Note: The importance
of this convention is declining. After a while, I concluded that it was better to
just integrate bounce buffers into the DMA management software. In the current
kernel, I believe that the only code which allocates memory under a constraint
is the DMA engine itself.
2. Current (before 5 Jan 1998) Kernel Memory Model :
The EROS kernel uses main memory for several purposes. In
approximate order of allocation, these are:
Kernel Mapping Table(s) :
The kernel mapping tables map all of the following space. The
process ``owns'' the low 3 gigabytes of the virtual address space, while the
kernel owns the upper 1 gigabyte. The kernel map in the current design includes
a redundant map of all of physical memory.
Interrupt Management Structures
:
Any structures and tables necessary to handle interrupts.
Driver Buffers :
Drivers are free to allocate kernel pages during startup.
User Thread Table :
The master thread table, containing all of the running or sleeping
threads in the system.
Context Cache :
The cache for active processes, used in context switching and IPC.
Inverted Mapping Table :
Used to invalidate mappings when the capability slots they depend
on are changed.
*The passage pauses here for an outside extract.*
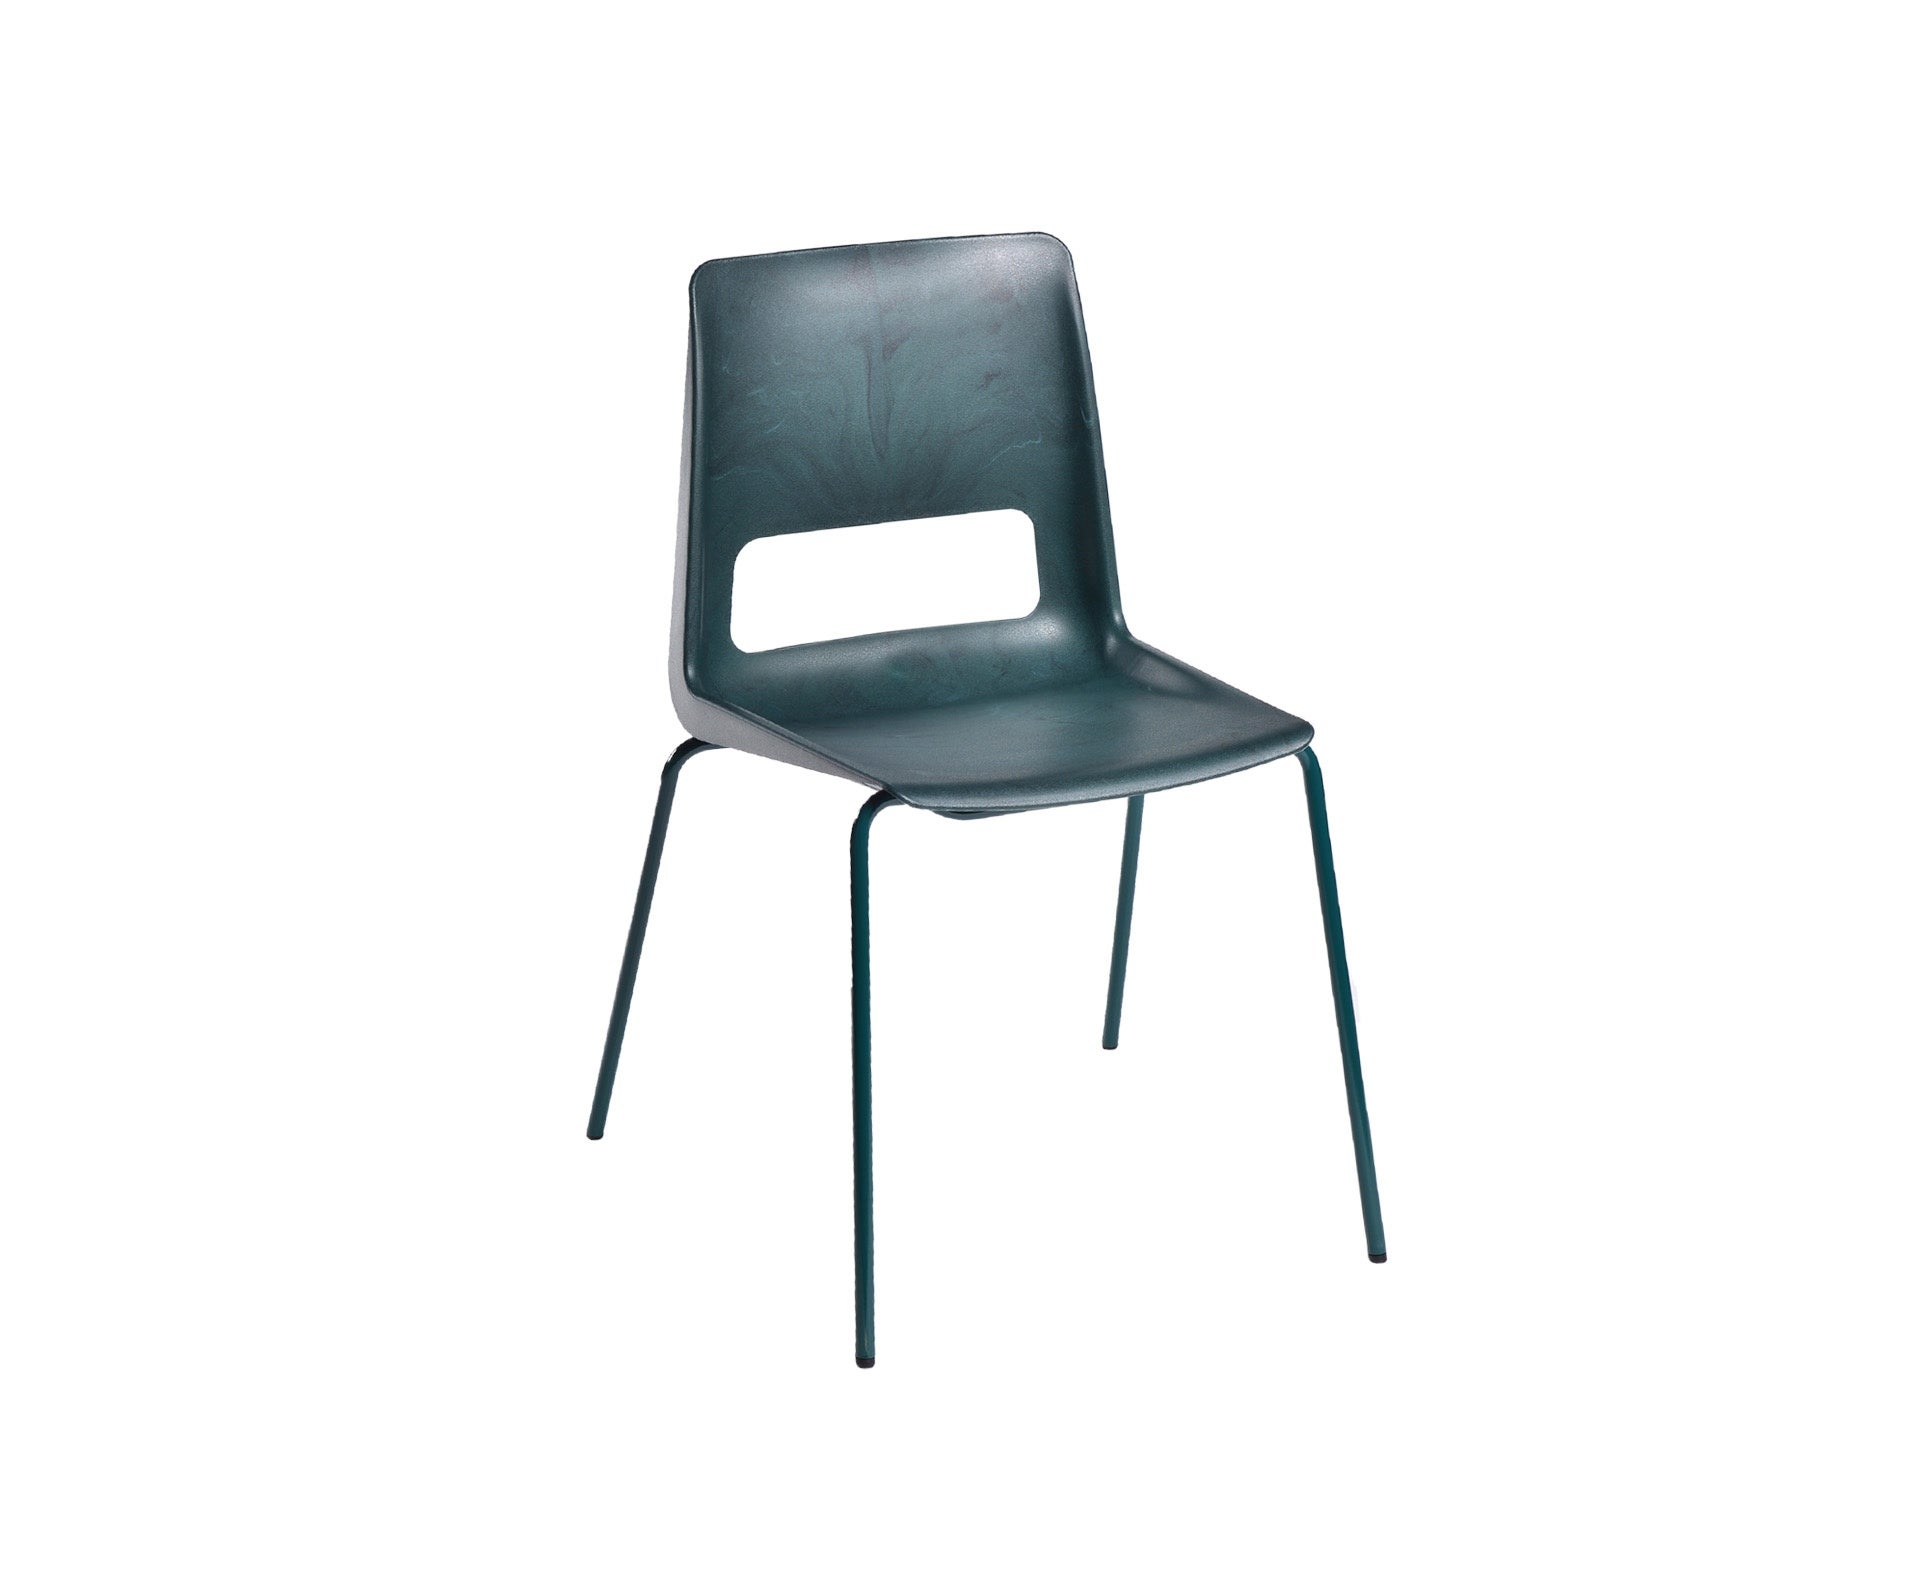 Green stacking chair

This data structure is referred to in the EROS kernel as the
Depend Table
Core Table :
The per-object header structures associated with physical pages.
There is one core table entry for every page frame in main memory. In the
current implementation, this includes the page frames used for page directories
and page tables.
Node Space :
The memory frames for in-core nodes, which space must be generally
accessable to the kernel.
Page Space :
All user pages reside here. In the current implementation, page
space is mapped into the kernel's virtual memory map.
3. Proposed Kernel Memory Model :
There are two major problems with the model described above:
►
It limits physical memory to slightly less
than 1GB.
►
It does not reserve any part of the
address space for use as ``small spaces.
The first point may seem insignificant, but at the University of
Pennsylvania we had a number of machines configured with 256 Mbytes of memory
in 1997. The price/density curve suggests that the 1GB boundary cannot be far
away. While the feature isn't widely used, current Pentium Pro processors (and
possibly Pentium II -- I'm not sure, but I am told that they are essentially
repackaged Pentium Pro dies) can support more than 4GB of physical memory
already, which we would someday like to leverage.
3.1. Kernel References to User Pages :
There are a small number of places where the supervisor makes
reference to the content of a data page:
1. From Software : There
are several cases in which the kernel makes a data reference from software:
Ọ
Neither Mapped: In the data page clone
operation, neither source nor destination is necessarily mapped. Note, however,
that this operation returns no data to the user.
Ọ
PIO: Programmed I/O moves data to or from
a page that is not necessarily related to the current process in any way. This
page must be temporarily mapped into the kernel before I/O can occur. Bounce
buffer copies are also a form of PIO.
In the EROS kernel design, PIO occurs with interrupts disabled,
and never occurs from a nested kernel interrupt. This means that PIO does not
interfere with other copies that may be in progress.
2. Physical DMA: If
the DMA hardware uses physical addresses, the fact that the page frame is no
mapped into the kernel presents no special difficulties; the kernel merely
needs to know the physical address of the page frame.
3. Virtual DMA: If
the DMA operation uses virtual addresses, then a mapping must somehow be
constructed. In such architectures there is generally an efficient way to shoot
down stale mappings, or if necessary a technique similar to the one used for
programmed I/O can be employed.
3.3. Revised Memory Layout
Given that the page references are cleanly definable, the revised
kernel memory model excludes user pages from the kernel memory map. The new
address space layout is as follows:
+-----------------+------------------+-------------------+
| Large Space | Small Spaces | Kernel Virtual |
| (unique) |
(shared) | (shared) |
+-----------------+------------------+-------------------+
Small spaces and kernel space are shared across all virtual maps,
enabling rapid transition to/from kernel and to/from small spaces. While nodes
are directly access able within kernel space, page data is not unless it is
mapped into the user address space. Note that capability load and store
instructions always access pages that are read/write to the kernel but not to
the user, so this falls under the user-accessible pages scenario.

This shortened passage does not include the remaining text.